Submeteram a política externa da Rússia aos ditames dos EUA e do G7, abandonaram qualquer pretensão russa à condição de “grande potência”, permitiram a desorganização de suas FFAA e sucatearam o seu arsenal atômico. Em seguida, levaram a cabo uma das experiências mais radicais de aplicação das políticas e reformas neoliberais concebidas nas últimas décadas do século XX.

Ainda em 1991, e antes do fim da URSS, Boris Yeltsin já havia encomendado a seu ministro ultraliberal, Yegor Gaidar, a elaboração de um plano de “transição” que foi executado com a ajuda de vários economistas e banqueiros estrangeiros que já tinham participado da “liberalização econômica” da Polônia. A “ponte para o futuro” encomendada por Yeltsin baseava-se em quatro “reformas” fundamentais: de controle do gasto fiscal, de desregulação dos mercados e em particular do mercado de trabalho, de liberação dos preços e de privatização do setor público, em especial da indústria energética.

O ataque neoliberal foi muito rápido. Para que se tenha uma ideia, em apenas três anos foram privatizadas cerca de 70% de todas as empresas estatais russas, enquanto que a abertura e a desregulação dos mercados, assim como a liberação dos preços aconteceram de forma quase instantânea.

Como resultado dessa “pressa neoliberal”, em apenas oito anos o investimento total da economia russa caiu 81%, a produção agrícola despencou 45% e o PIB russo caiu mais do que 50% em relação ao seu nível de 1990. Paralelamente, a quebra generalizada da indústria provocou aumento gigantesco do desemprego, acompanhado de perda de 58% nos salários, enquanto o número de pobres crescia de 2% para 39%, e o coeficiente de Gini saltava de 0,2333 em 1990 para 0,401 em 1999.

Esta verdadeira destruição explica, em grande medida, a inflexão estratégica russa que começa no ano 2001, com o fortalecimento do estado, a reorganização das Forças Armadas e a retomada da indústria do petróleo e de todo o setor energético.  A estatização da empresa petroleira Yukos, em 1993, foi o pontapé inicial desta remontagem do setor produtivo estatal, através de suas grandes empresas de produção, transporte/distribuição e exportação de gás e petróleo. 

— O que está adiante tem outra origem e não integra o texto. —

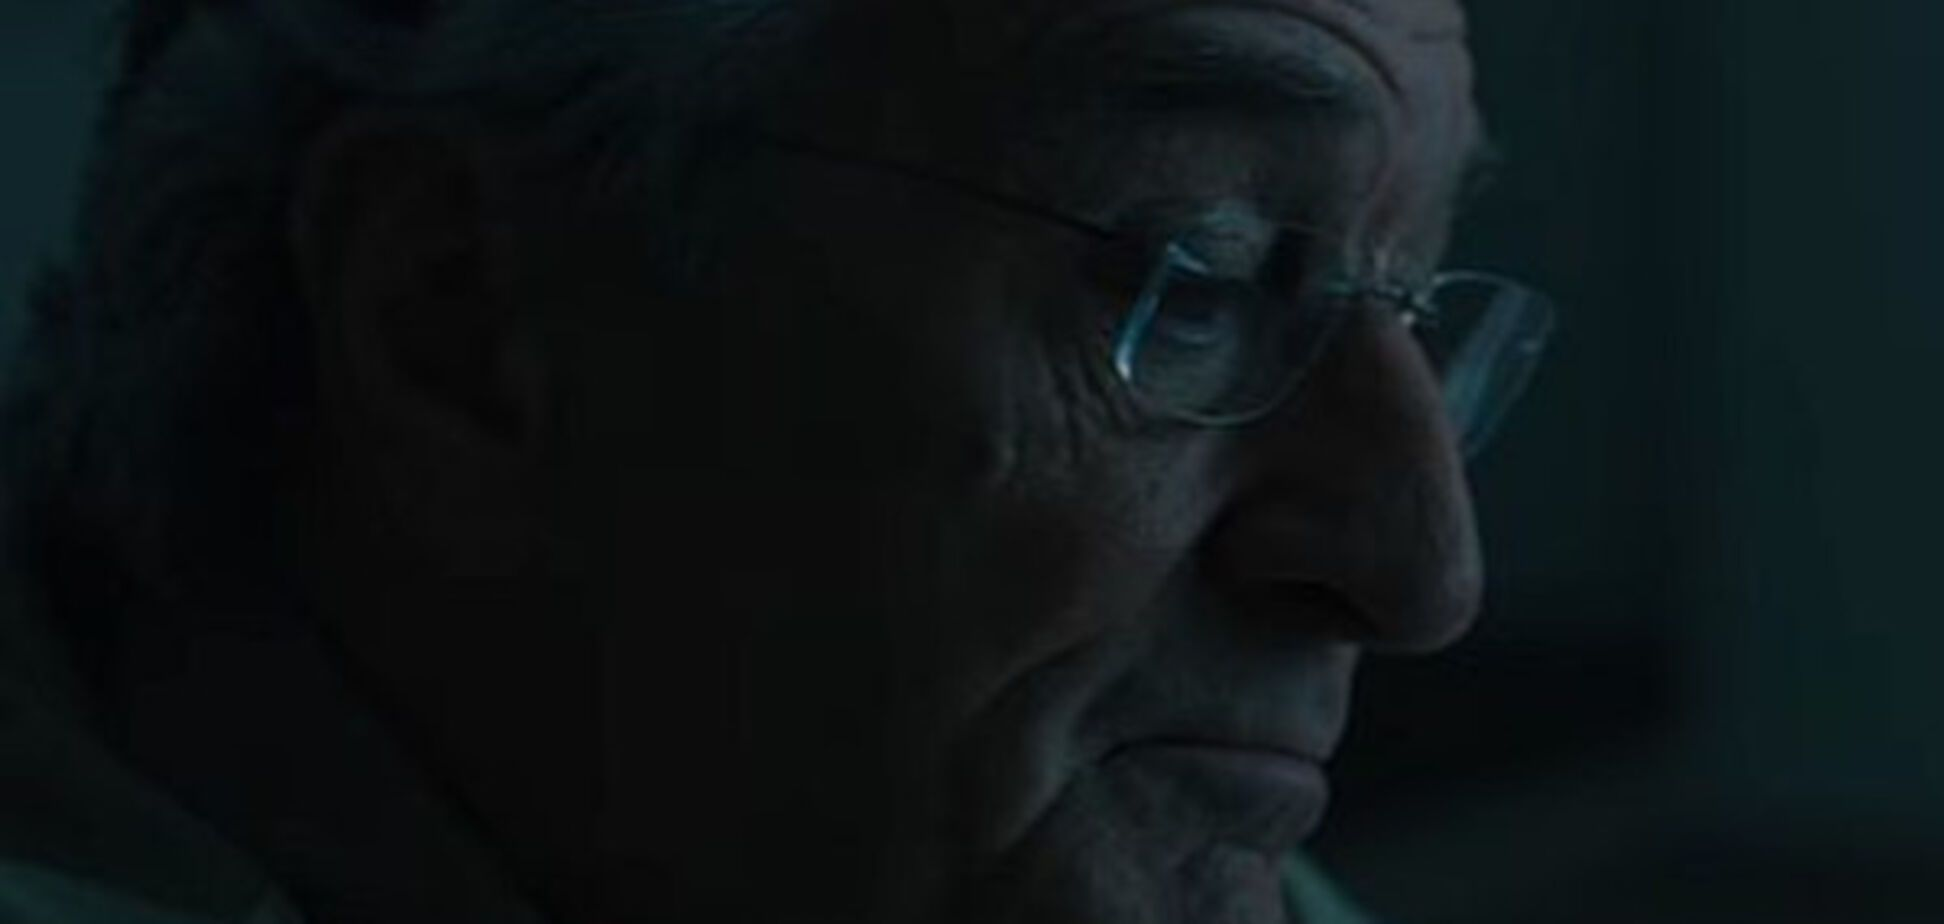 Эмилия Кларк в готическом ужастике и Де Ниро в роли злого гения: главные трейлеры недели

  Com a ajuda dos preços internacionais do petróleo e do gás, a economia russa se recolocou de pé e passou a crescer a uma taxa média anual de 7% entre os anos 2000 a 2010, e seguiu crescendo, ainda que a taxas menores, até a crise da Ucrânia em 2014. Nesses anos de bonança, o estado russo transformou o seu setor de petróleo e gás no principal instrumento de reconstrução da sua economia nacional, aproveitando a grande necessidade energética da Europa Ocidental e da China. 

Num período de 15 anos, a Rússia conseguiu reconquistar sua condição de grande potência europeia e uma das maiores potências mundiais. As sanções econômicas impostas à Rússia pelas “potências atlânticas”, a partir de 2014 e até os dias de hoje trarão problemas inevitáveis para a economia mas tudo indica que já não conseguirão alterar mais o rumo estratégico que a Rússia definiu para si mesma, voltada para a reconquista de sua soberania econômica e militar destruída na década de 90.

De qualquer maneira, a experiência russa destes últimos 15 anos aponta numa dupla direção:

Em países extensos e com grande desigualdade social e territorial, as políticas e reformas neoliberais costumam ter efeito imediato e  desastroso, do ponto de vista econômico, e catastrófico, do ponto de vista social;

Em países que dispõem de grandes reservas de petróleo ou de gás, é necessário e possível recomeçar a reconstrução de uma economia nacional a partir da indústria do petróleo, transformando-a no eixo dinâmico de uma estratégia global que envolva e direcione o capital nacional e internacional.

 Com certeza, a história não se repete nem pode ser transformada em receita, mas pode cumprir uma função pedagógica, e neste caso a experiência russa ensina que ainda é possível refazer o Brasil depois da destruição a que está sendo submetido pelo fanatismo neoliberal.